Data extract
- - - - -

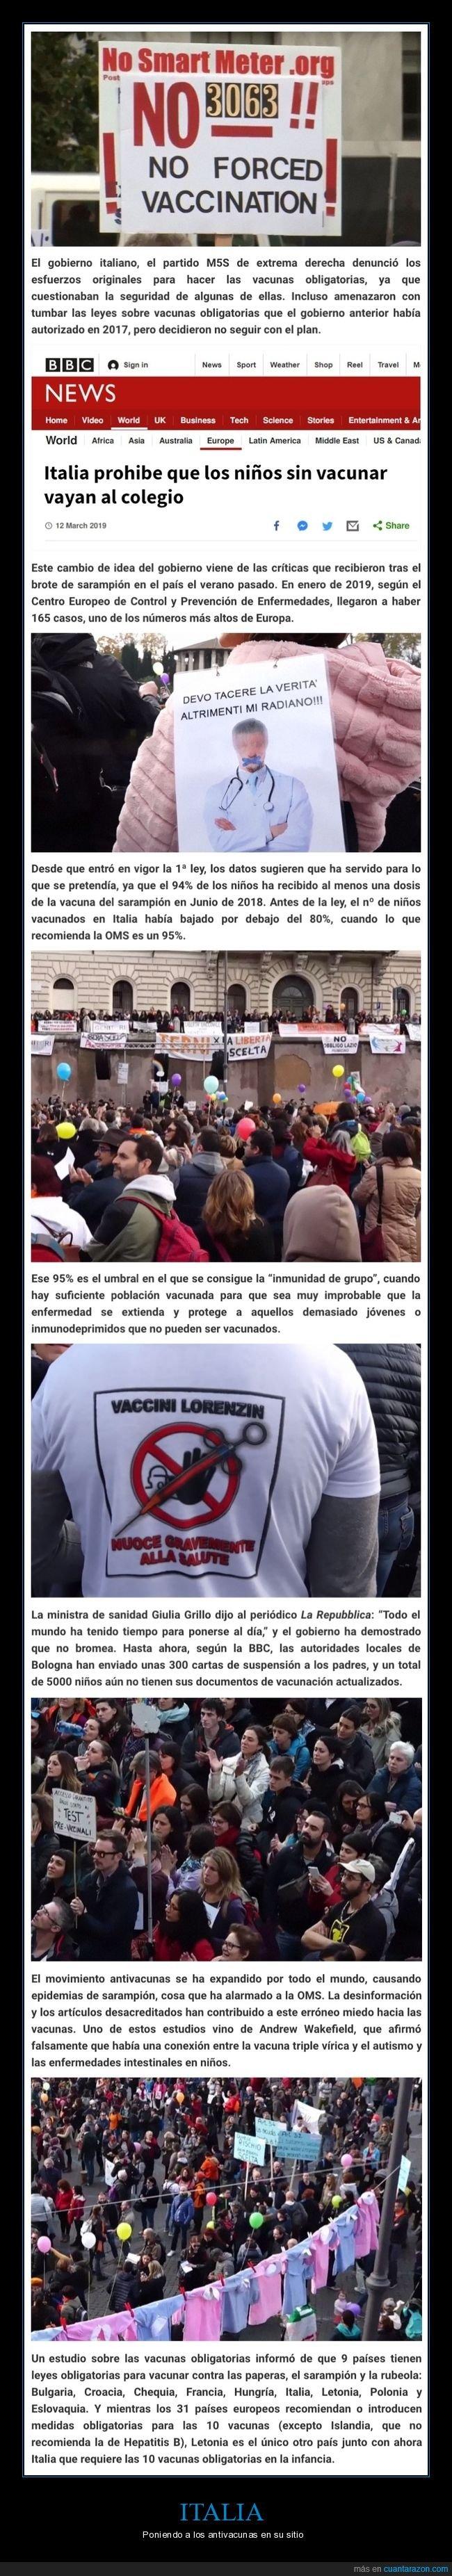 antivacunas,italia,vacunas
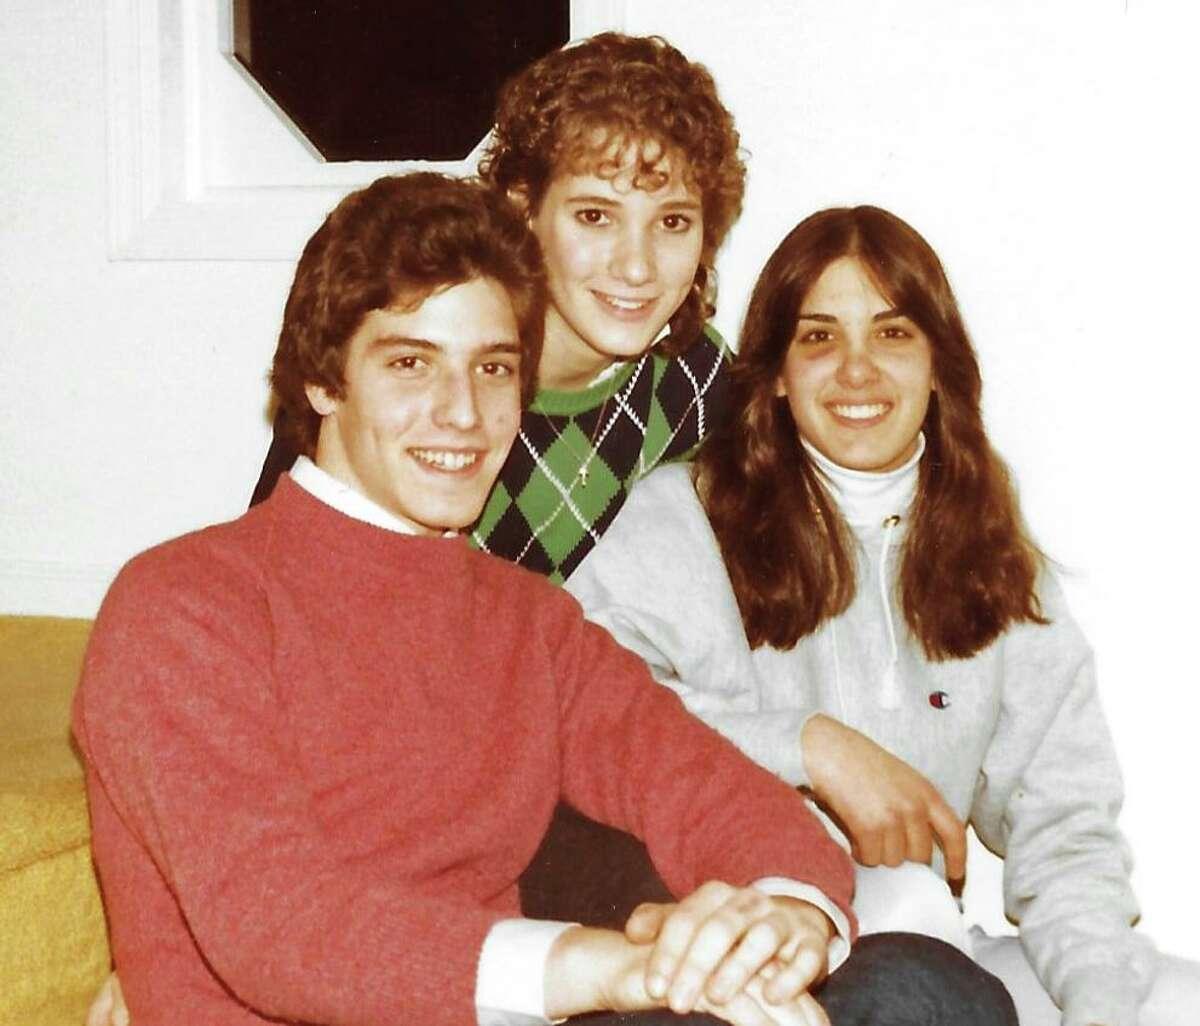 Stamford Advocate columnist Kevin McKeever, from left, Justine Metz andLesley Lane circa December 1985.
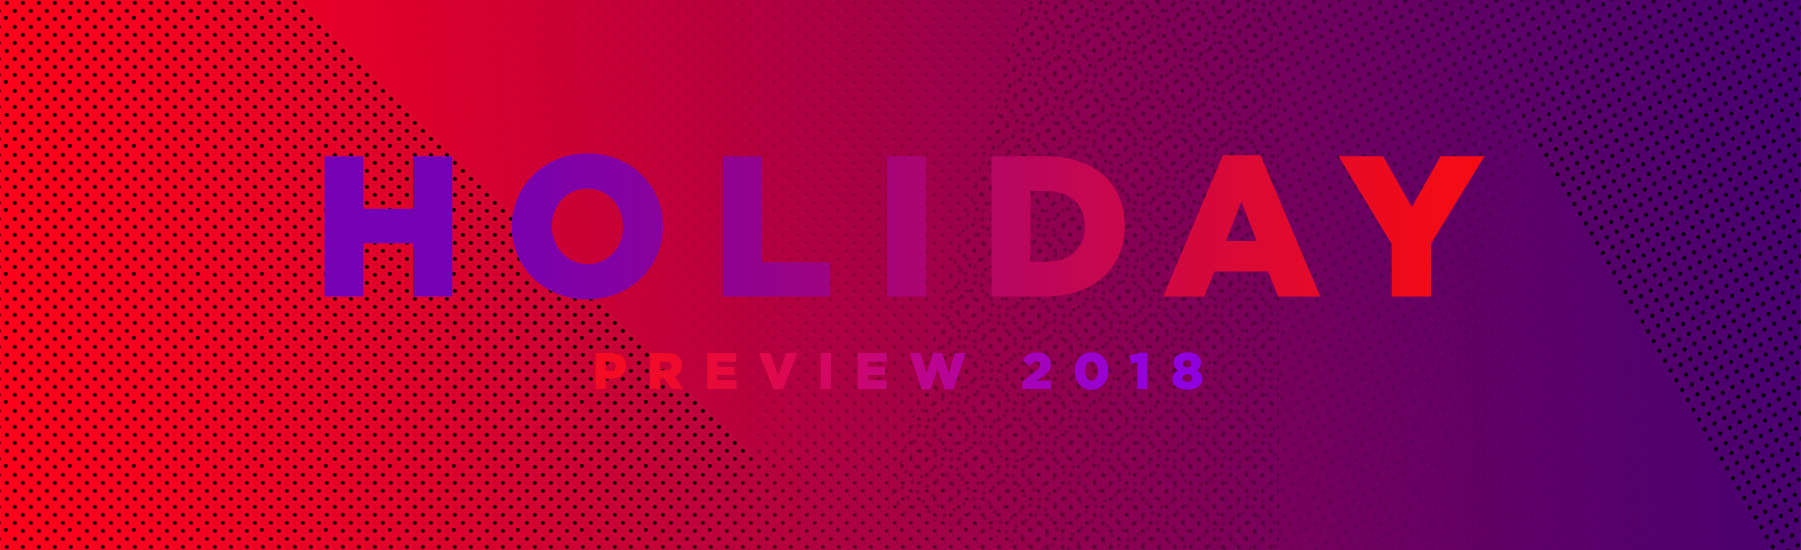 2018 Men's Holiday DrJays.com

- - - - -

What the exercise asks
In your copy, the listing above should appear word for word, with no images.

Result
 antivacunas,italia,vacunas
 Stamford Advocate columnist Kevin McKeever, from left, Justine Metz andLesley Lane circa December 1985.
 2018 Men's Holiday DrJays.com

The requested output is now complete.